_About this exercise_
Only the pictures are to be omitted; everything else in the listing must be reproduced exactly.

_Available data_
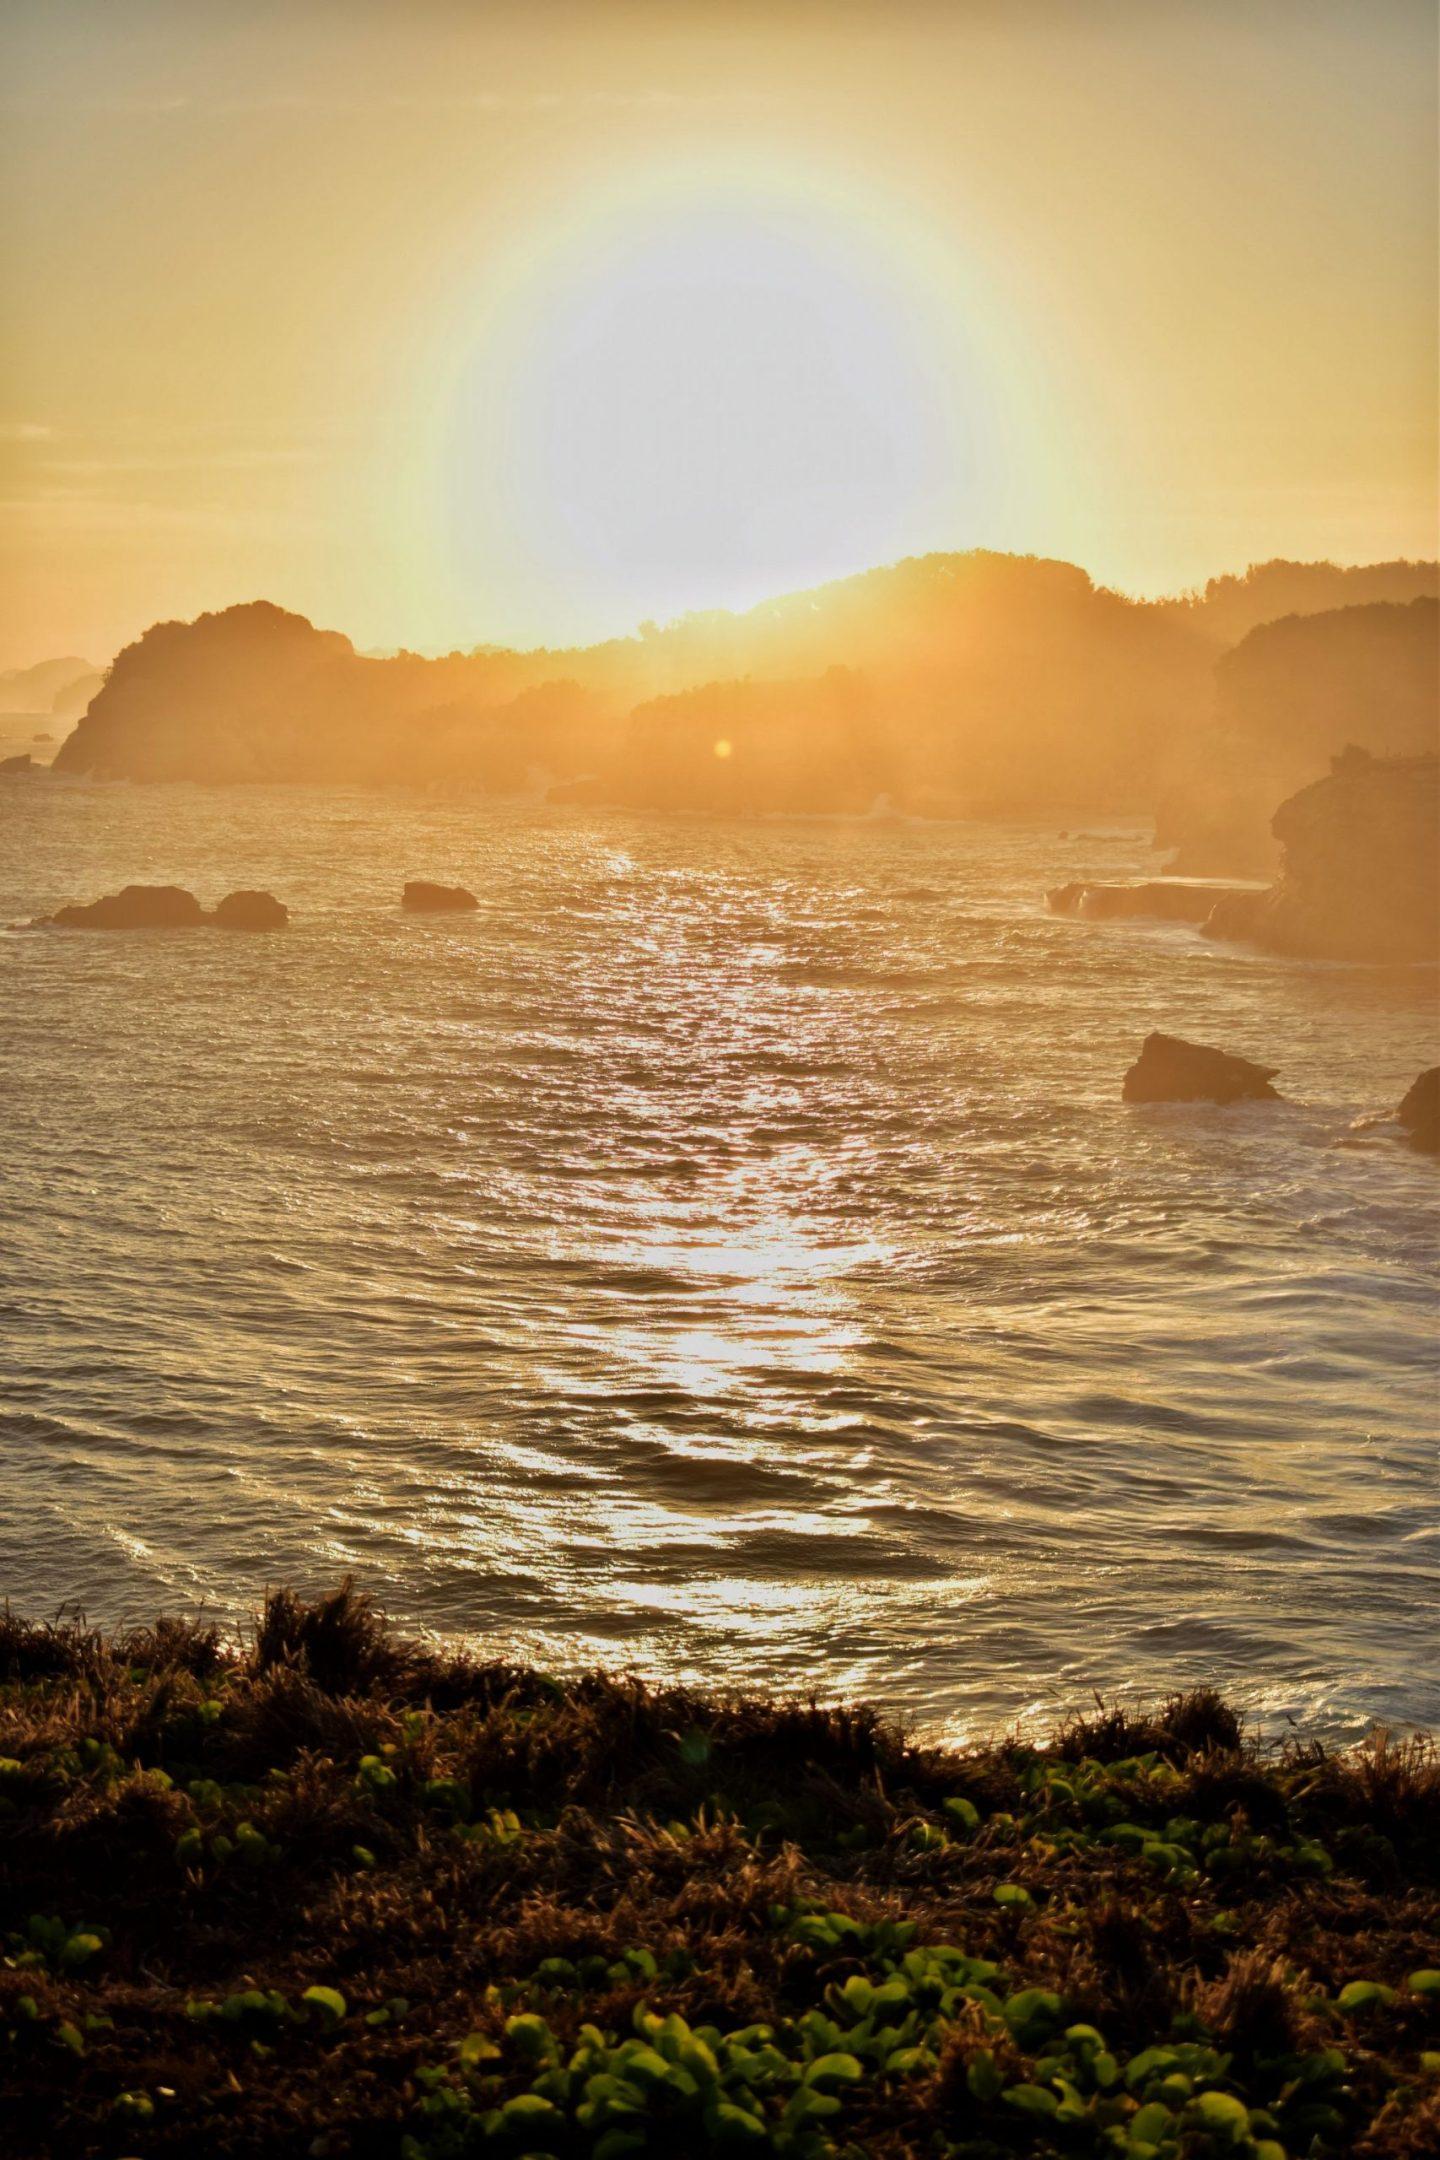 Benefits of Vitamin D/Getting Sunlight
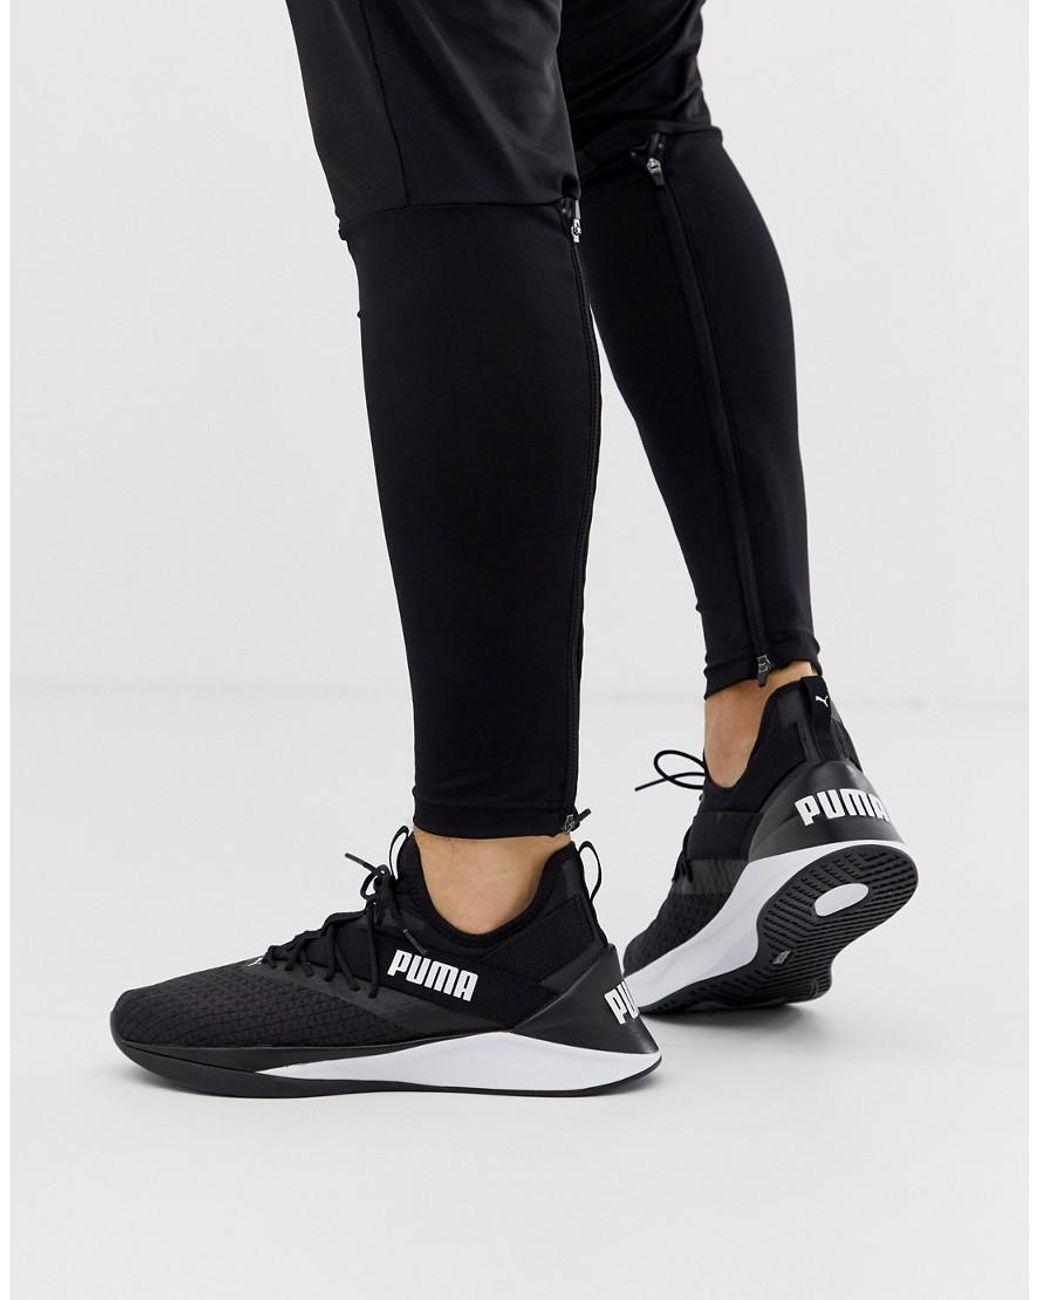 33155c967 Zapatillas de deporte en negro Jaab XT de PUMA de hombre de color Negro -  Lyst
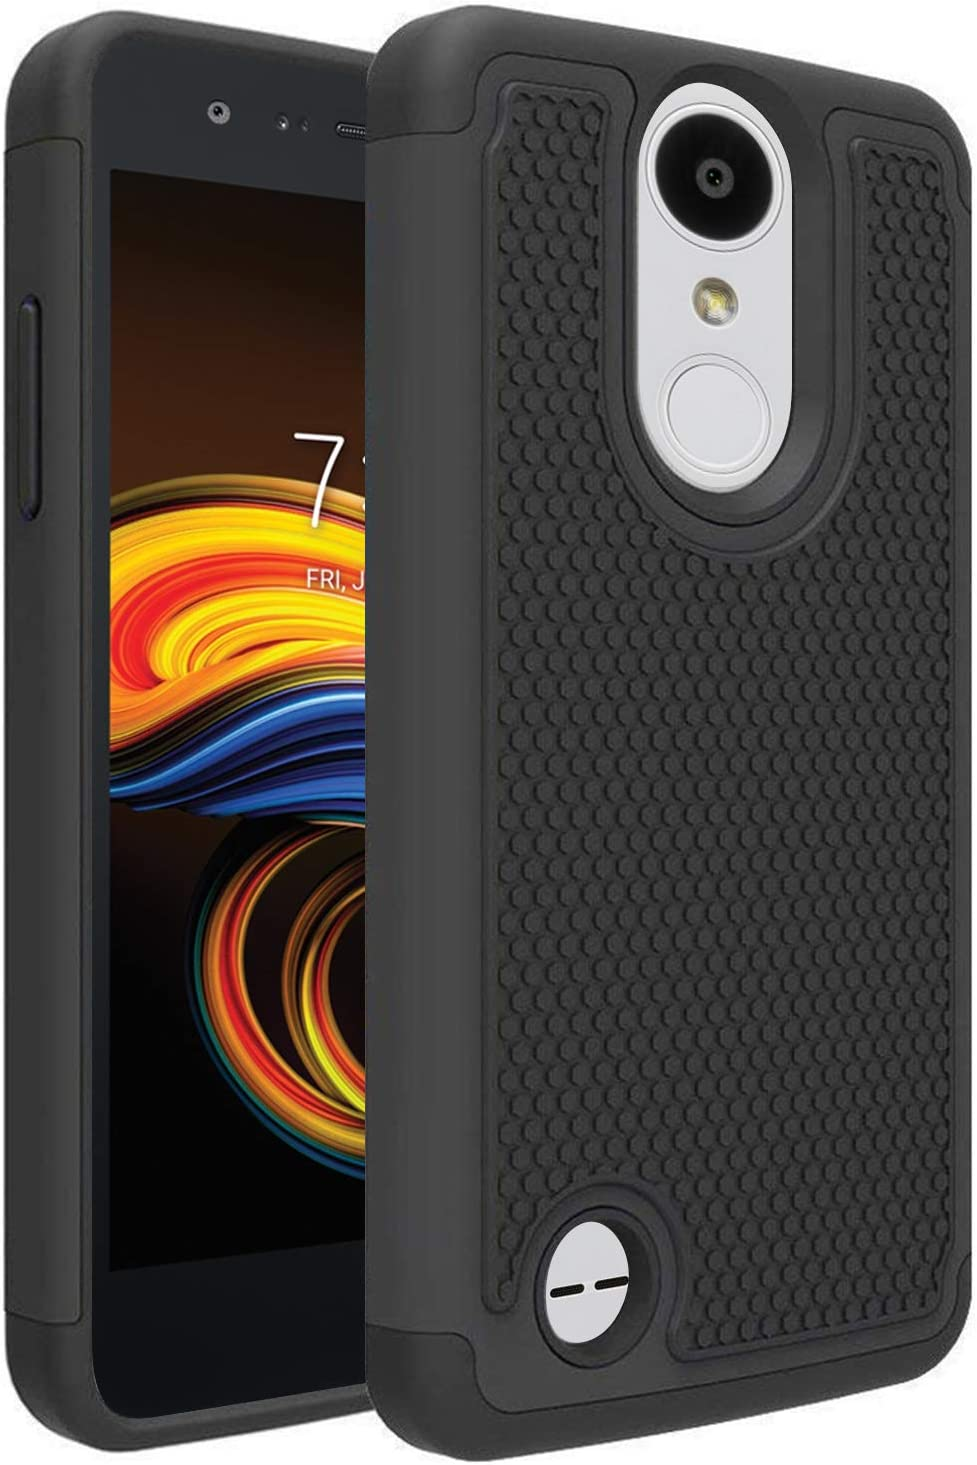 LG Aristo 3/LG Aristo 2/LG Tribute Empire/K8S/Tribute Dynasty/Phoenix 4/Rebel 4/Zone 4/Rebel 3 LTE/Risio 3/LG K8+ Plus/Phoenix 3/Fortune 2 Phone Case, OEAGO [Shockproof] Hybrid Dual Layer Case, Black

_Problem solution_
 Benefits of Vitamin D/Getting Sunlight
 33155c967 Zapatillas de deporte en negro Jaab XT de PUMA de hombre de color Negro -  Lyst
 LG Aristo 3/LG Aristo 2/LG Tribute Empire/K8S/Tribute Dynasty/Phoenix 4/Rebel 4/Zone 4/Rebel 3 LTE/Risio 3/LG K8+ Plus/Phoenix 3/Fortune 2 Phone Case, OEAGO [Shockproof] Hybrid Dual Layer Case, Black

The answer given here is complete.